Whenever her mother put on her the little angel dress brought by her brother, the child would beg the secretary repeatedly to tell the story of the little angel. She had begun imagining herself as a little angel flying into stars, shooting towards the moon, playing trapeze in the high skies, running on the pillowy clouds, and sliding over rainbows.

And then the child’s imagination ran contrary to the dreams and ideals of all others.

One day…

The young couple had gone out.

The grandpas had gone marketing.

The maternal grandma and the paternal grandma were seriously discussing what sort of mangoes to pick up for making pickle.

The obedient cook was also reciting his own experiences.

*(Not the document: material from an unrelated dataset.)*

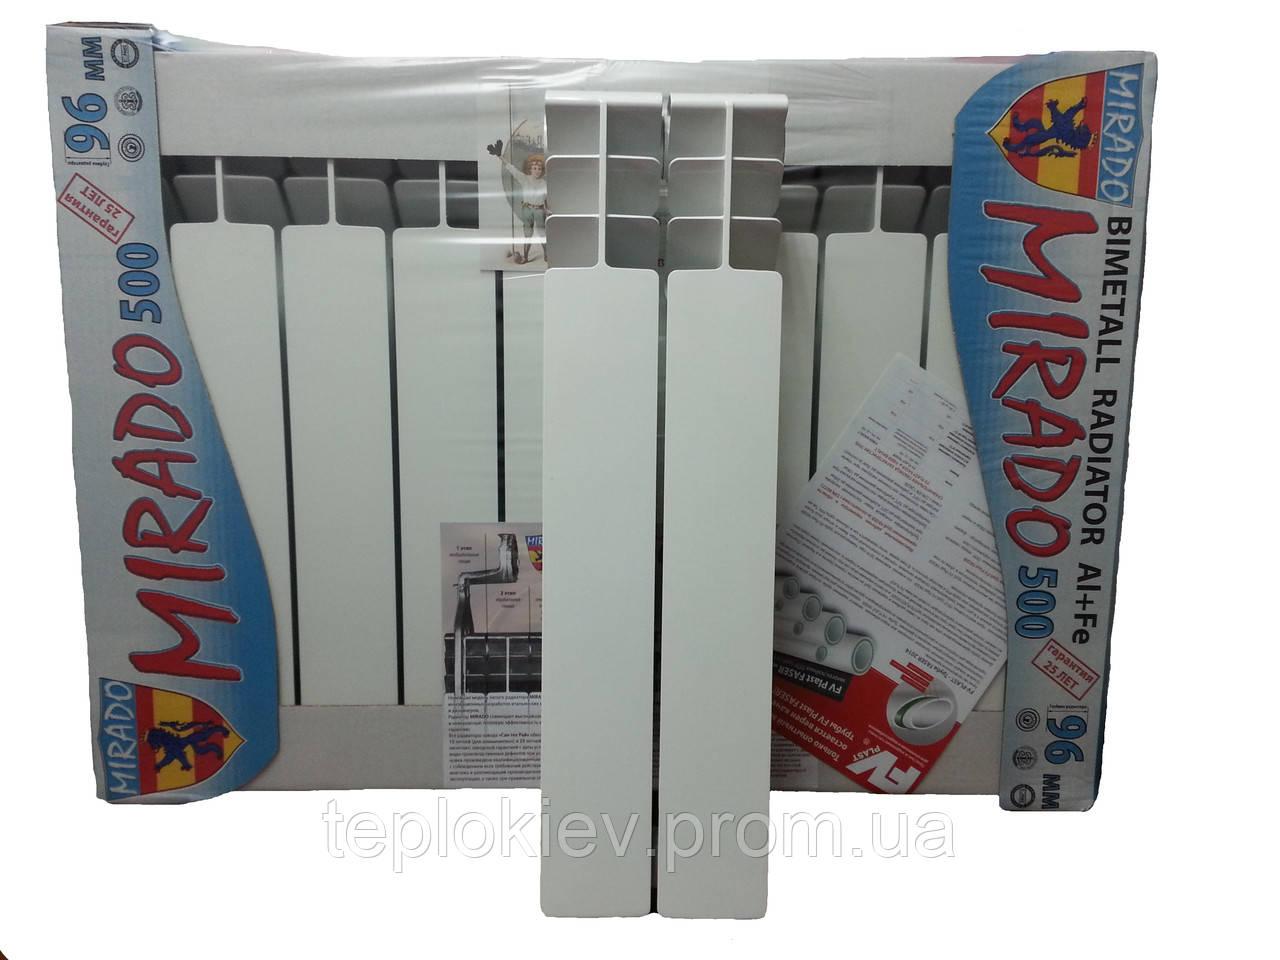 Биметаллические радиаторы Mirado Мирадо 500 30 атмосфер - «ТЕПЛОКИЕВ» Всё для отопления и водоснабжения в Киеве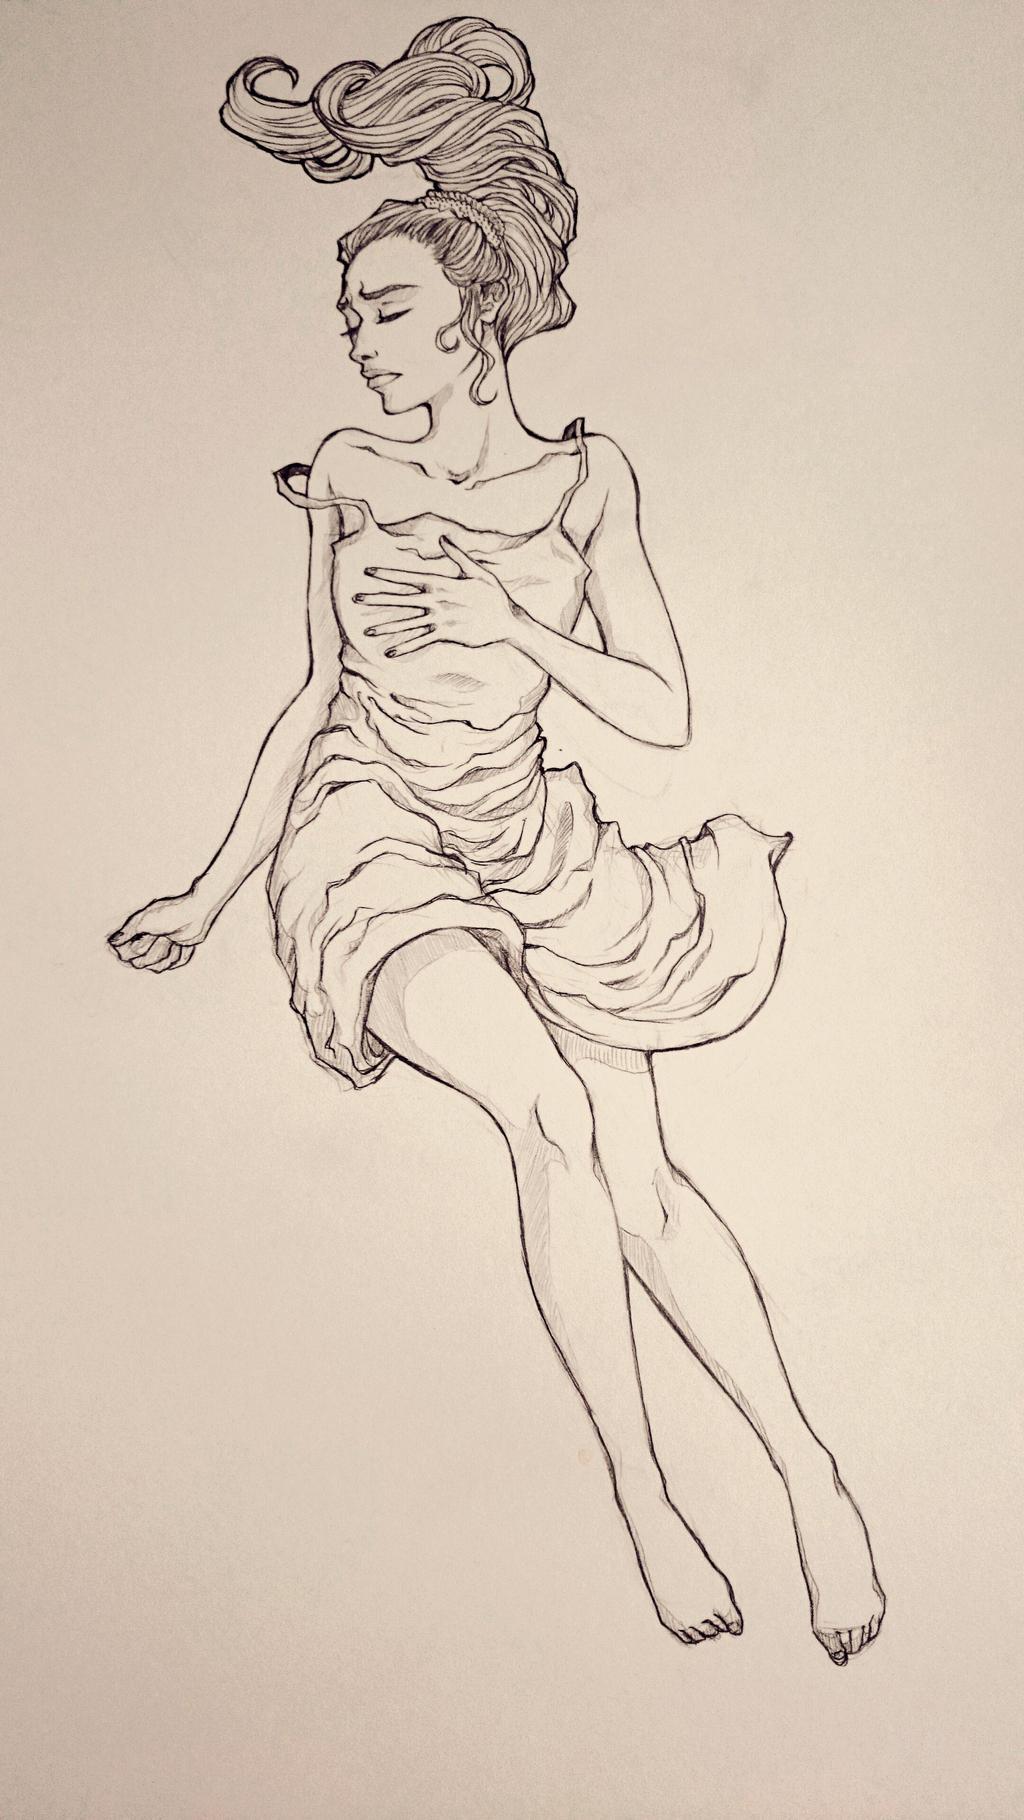 Pain  by Jizebelle

The docile servants were attentively listening to them.

It was time for the child to practice dancing.

That day she was in her favourite little angel dress.

The secretary had to get the child ready for the dance.

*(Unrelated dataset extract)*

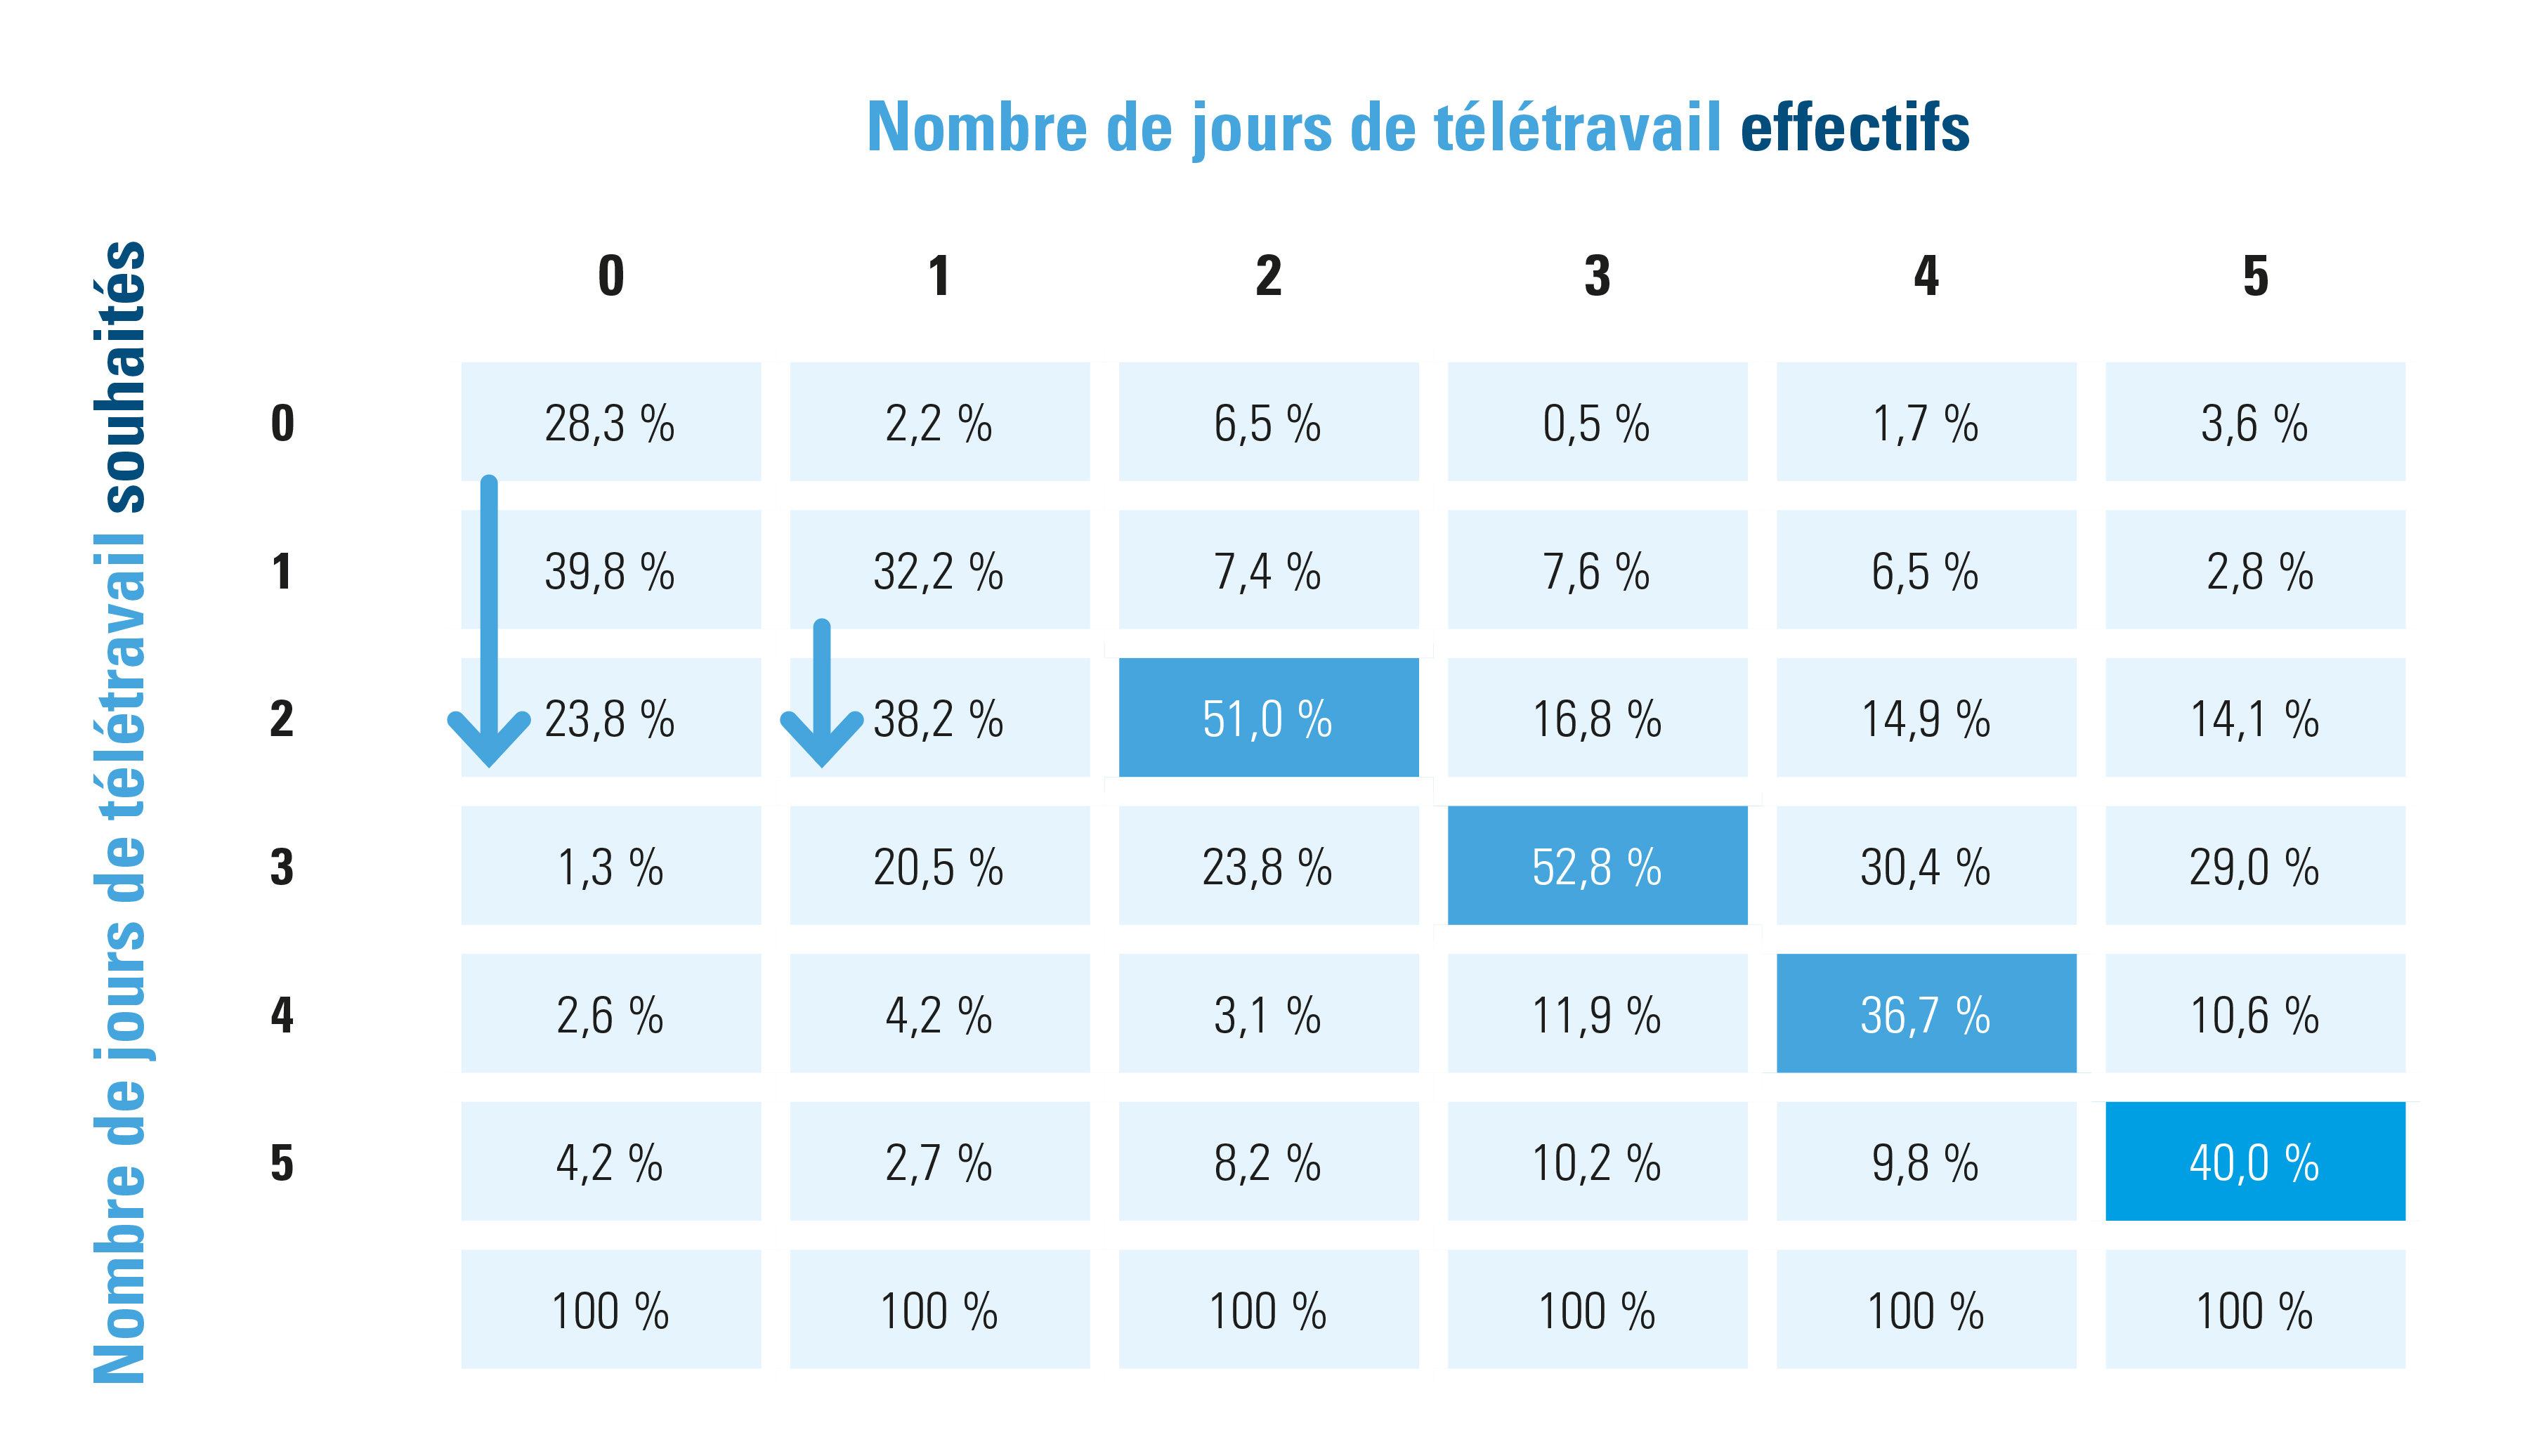 nombre de jours de télétravail effectifs vs nombre de jours de télétravail souhaités

While playing the hide and seek with her, the child had climbed the stairs and was on the terrace of the spacious building.

The secretary and behind her, the dance teacher had started searching for the child.

After reaching the terrace the child slowly approached the parapet wall. The wide beautiful world made its appearance suddenly in front of her eyes.

The child’s eyes moved across the spacious building, over the swimming pool, over the tennis court, leaped over the boundary wall and focussed on the playground. In the ground, some children were playing. Their running and leaping, joyous laughter and carefree shouting had attracted the child. The multi-coloured kites they were flying moved in the blue sky like boats.

The child had stood there in open-eyed wonder.

She wanted to somersault with the children in the grass, to build sand castles, to heap pebbles, and to play hide and seek.

And then the cool evening while parting sent up the full moon.

The studded sky-bright moonlight- the child had forgotten herself and could not shut her eyes.

Some wonderful experience flooded her being.

In the little angel dress, looking like a jasmine just blossomed, the child breathed and filled her lungs with air.

The shining sleeves of the dress stitched like wings, she stretched like the little angel, like a legendary bird and flew straight across the ground towards stars with abandon.

And just then the young couple had returned and was about to step into the house.

The child fell right in front of their feet like a string of crossandra flowers.

The young woman screamed.

The young man had bundled into his hands the red heap, which until then shone like a little angel and ran out.

Following him, the terrified young woman.

Behind her the agitated grandpas.

The shaking grandmas.

The writhing secretary, the startled teacher, master, coaches, servants and everyone else.

All began running…

The child to hospital. The story to Kanchi.

But we…?

***

Telugu Story : Chandra Latha Translated by Dr. C.L.L.Jaya Prada

Published in: Sarasa ,A literary Acedemic magazine.